David watched the Iron Man as he held the book, and looked and looked at it, and tried to read it. He was holding it upside down, the poor giant, for he could not read a single word of it--that wonderful, wonderful book. Ever since that far beginning of time he has been trying to read it, and he is trying to read it still. But he cannot, for between him and it there hangs a veil that only the living soul can pierce to read those words within.
So there he sat now, the poor, blundering giant of smoking fire and hot iron--there he sat, patiently trying and trying to read what was there written, while his eyelids grew heavier and heavier, until by and by he fell asleep. After a while he began to snore, and after another while the book slipped from out his hand and fell to the floor, where it lay-the precious Know-All Book--face downward and forgotten.
Then after a while the old woman came to the chest where David lay hidden. "Now is your time," said she, "if you are man enough to do what you came for."
"I am man enough," said David. "Thank you, mother."
"Ah!" she said, "do not thank me yet, man of flesh and blood, for your trouble is not yet over.
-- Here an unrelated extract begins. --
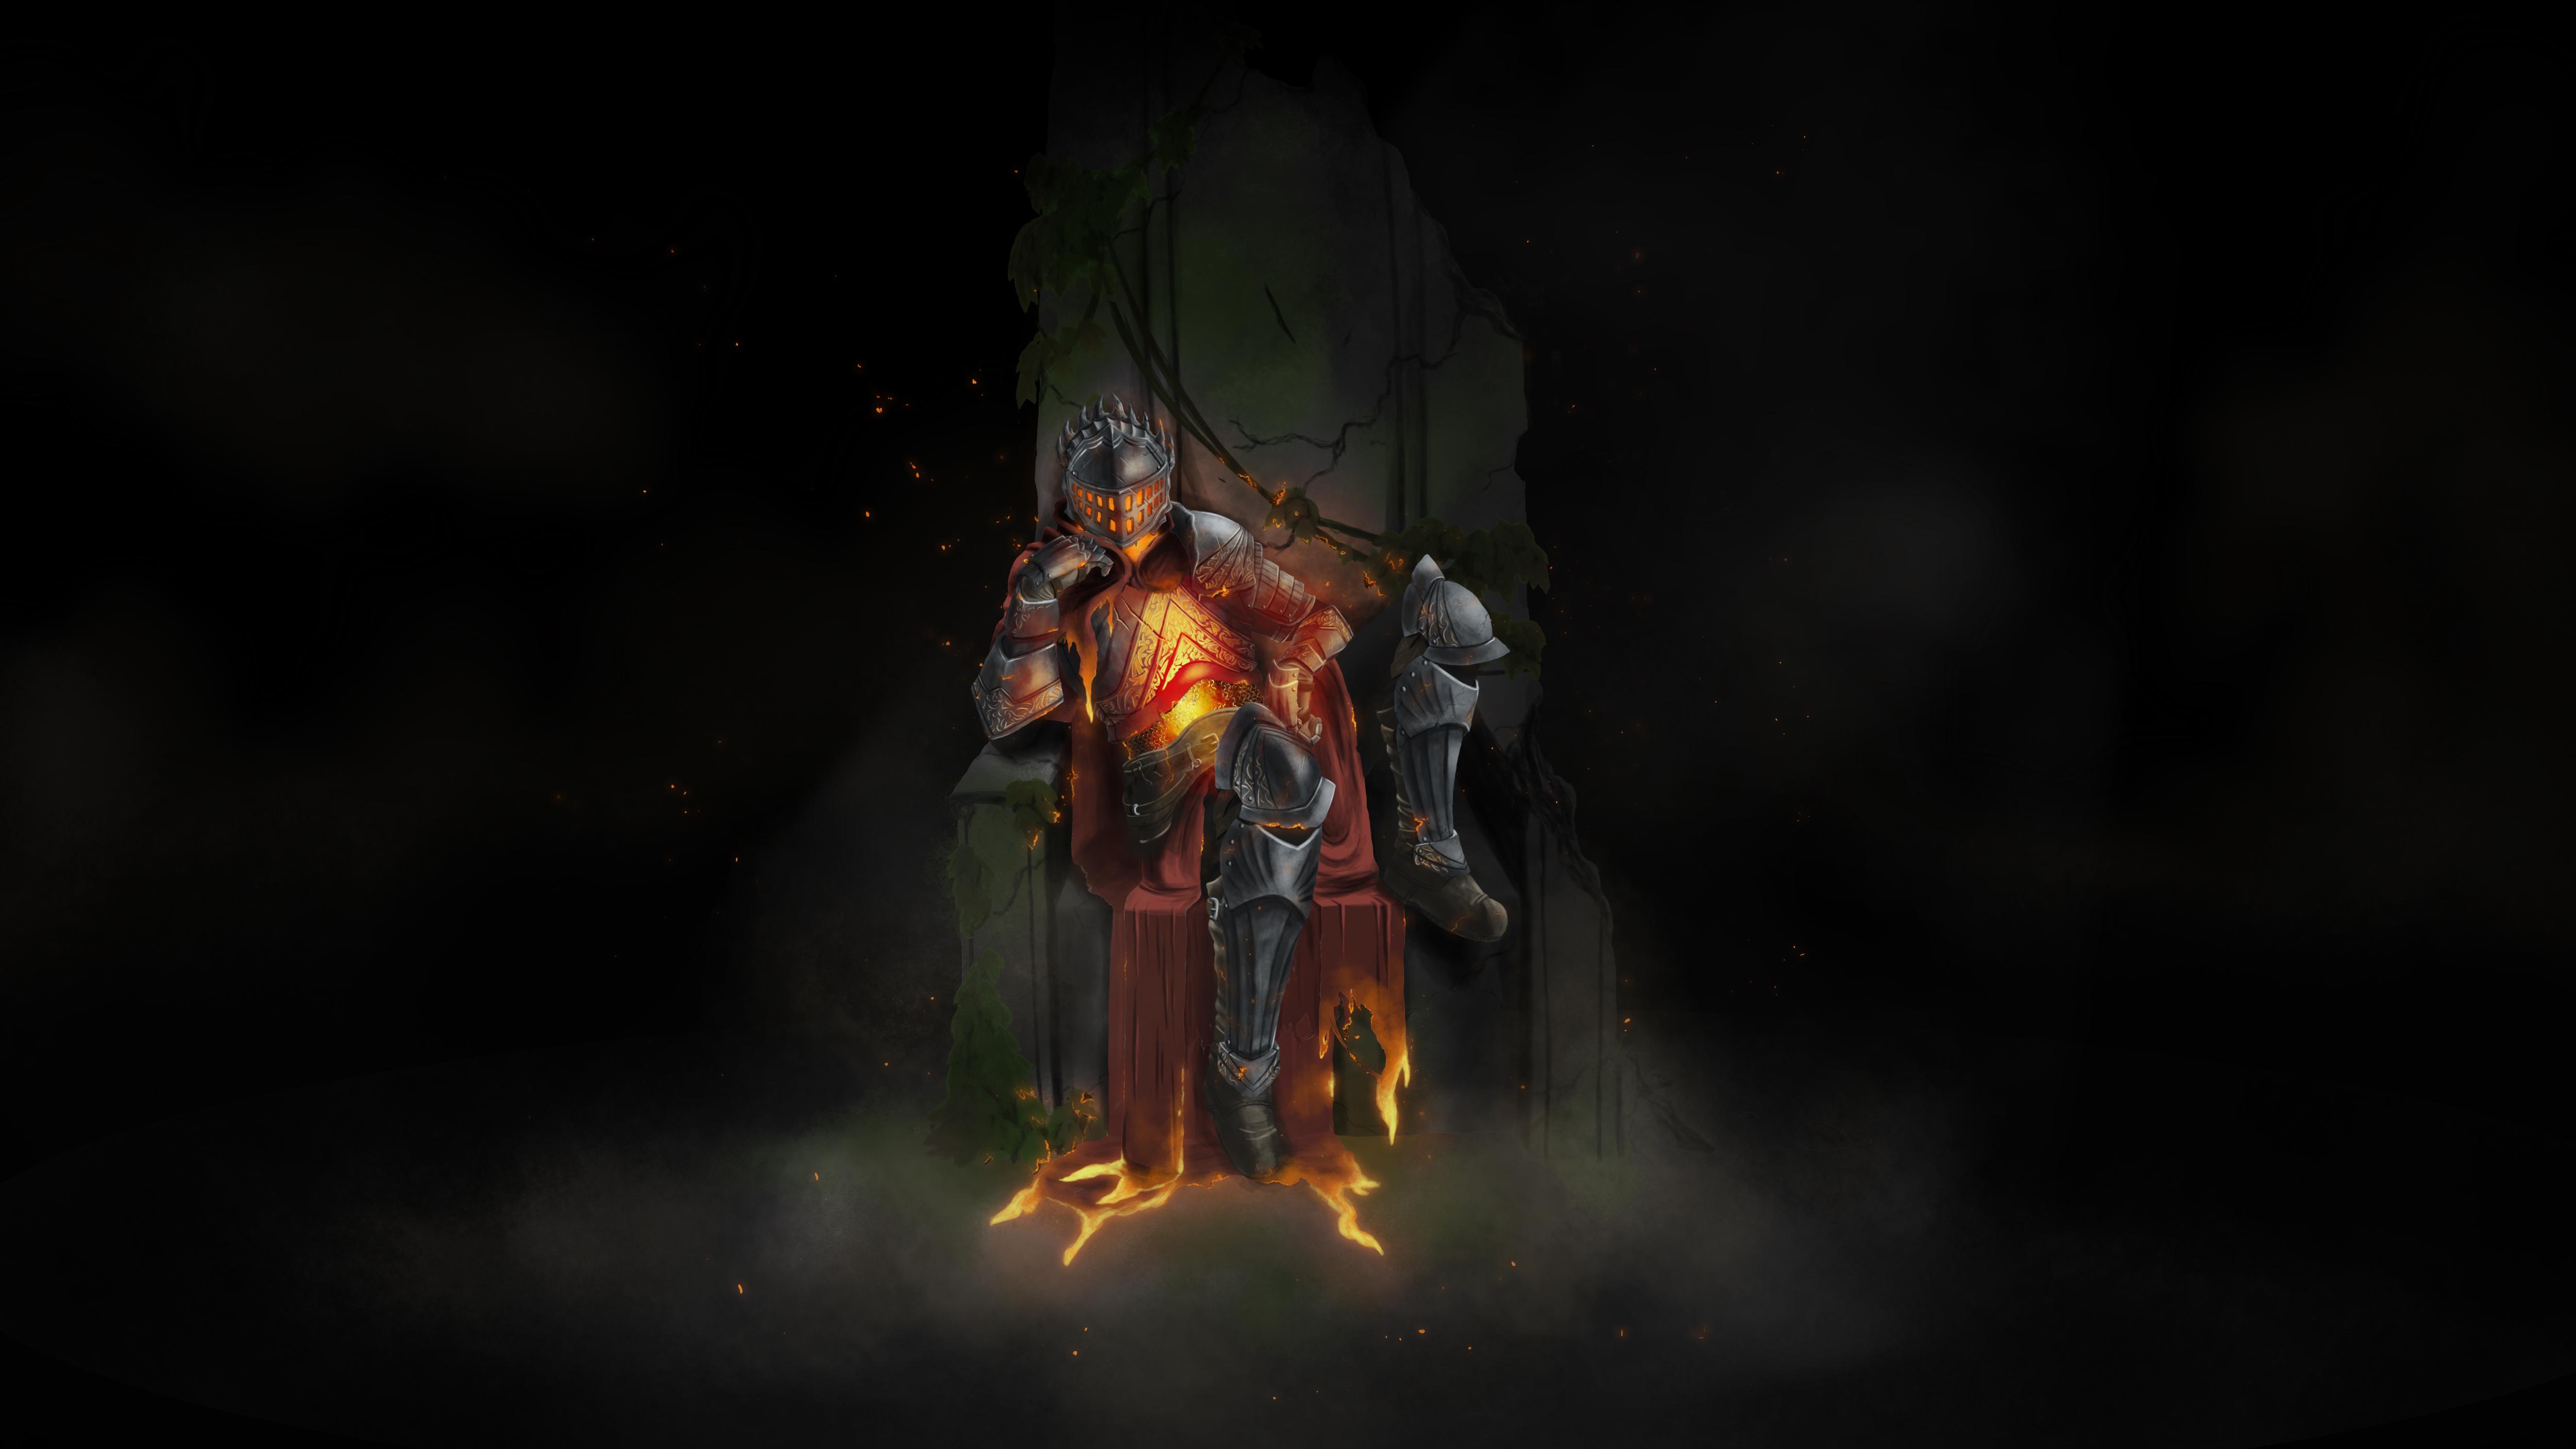 Soul Of Cinder Fan Art: Lord Of Cinder By Tosthage On DeviantArt
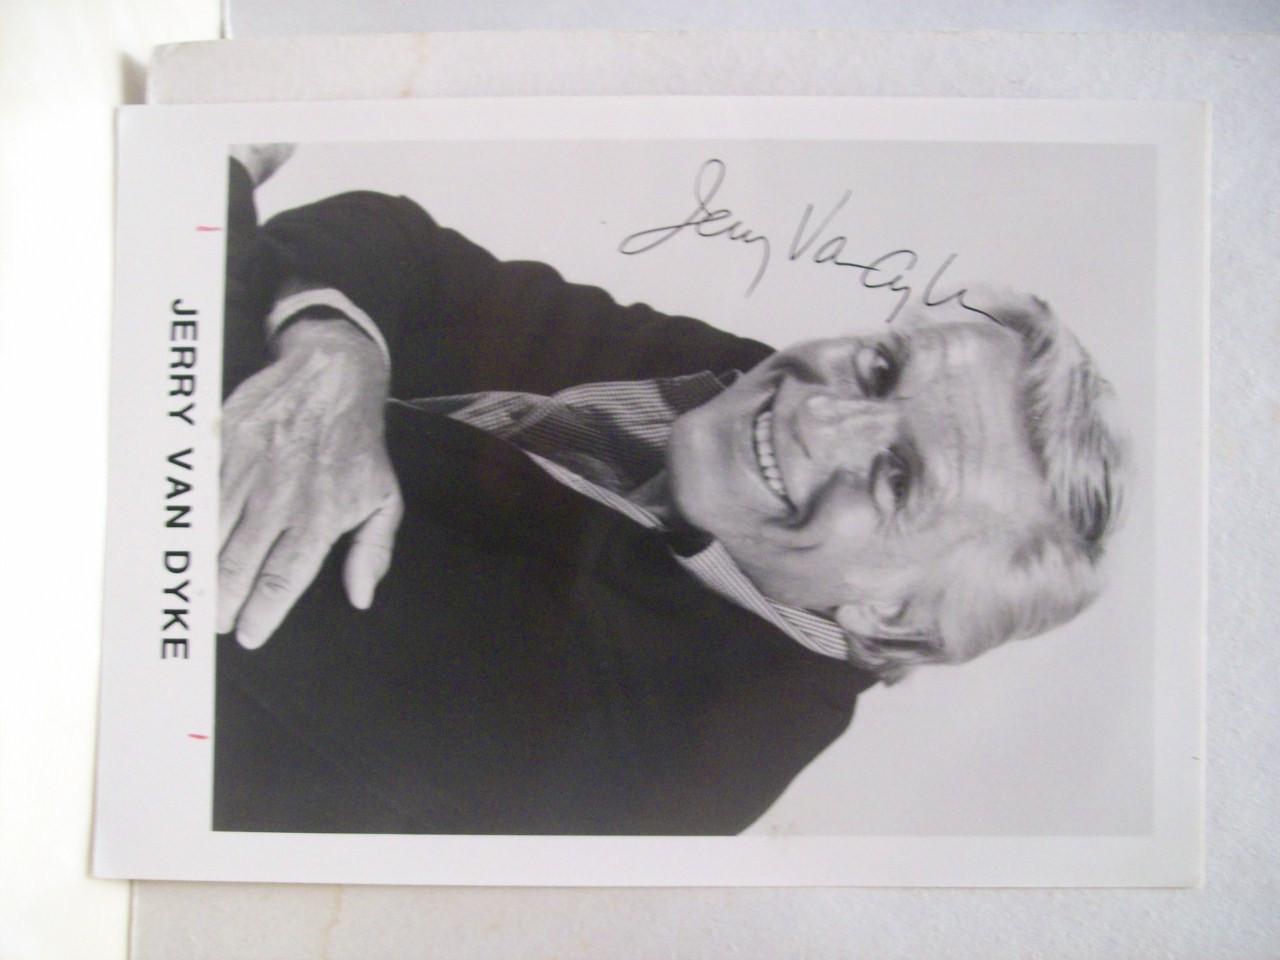 Van Dyke, Jerry Photo Signed Autograph Dick Van Dyke Show

But there is the book, and there is the box. Take them if you want them, and get you away if you can."
The Iron Man never moved or stirred, but slept on and on as David picked up the book and put it into the Wonder-Box, shut the lid, locked it, and took the key out of the lock, hanging the golden chain about his neck. There was a handle in the lid of the box; he lifted it and carried it out of the room, and still the Iron Man never stirred, but slept on and on. David went out of the room into the room beyond. The moon had risen high, and great barred patches of square light fell from the windows upon the iron floor beneath. In the vaulted spaces above, all was darkness and stillness. He hurried onward into the next room lit with moonlight, dark and still in the vault above. Beyond that was still another room, and so on and on, until he could not tell where he was. So he went from room to room, and around and around, and on and on, until he knew that he was lost in the vast dark spaces of the Iron Castle. But at last he smelt the night air in the distance, as though it came in at an open door. He ran across the squares of silent moonlight toward it. Yes; there at last was the open door, and there was the night sky outside, all milky with the silent moonlight.
"Now I am safe," thought David.
He did not know what was yet to come.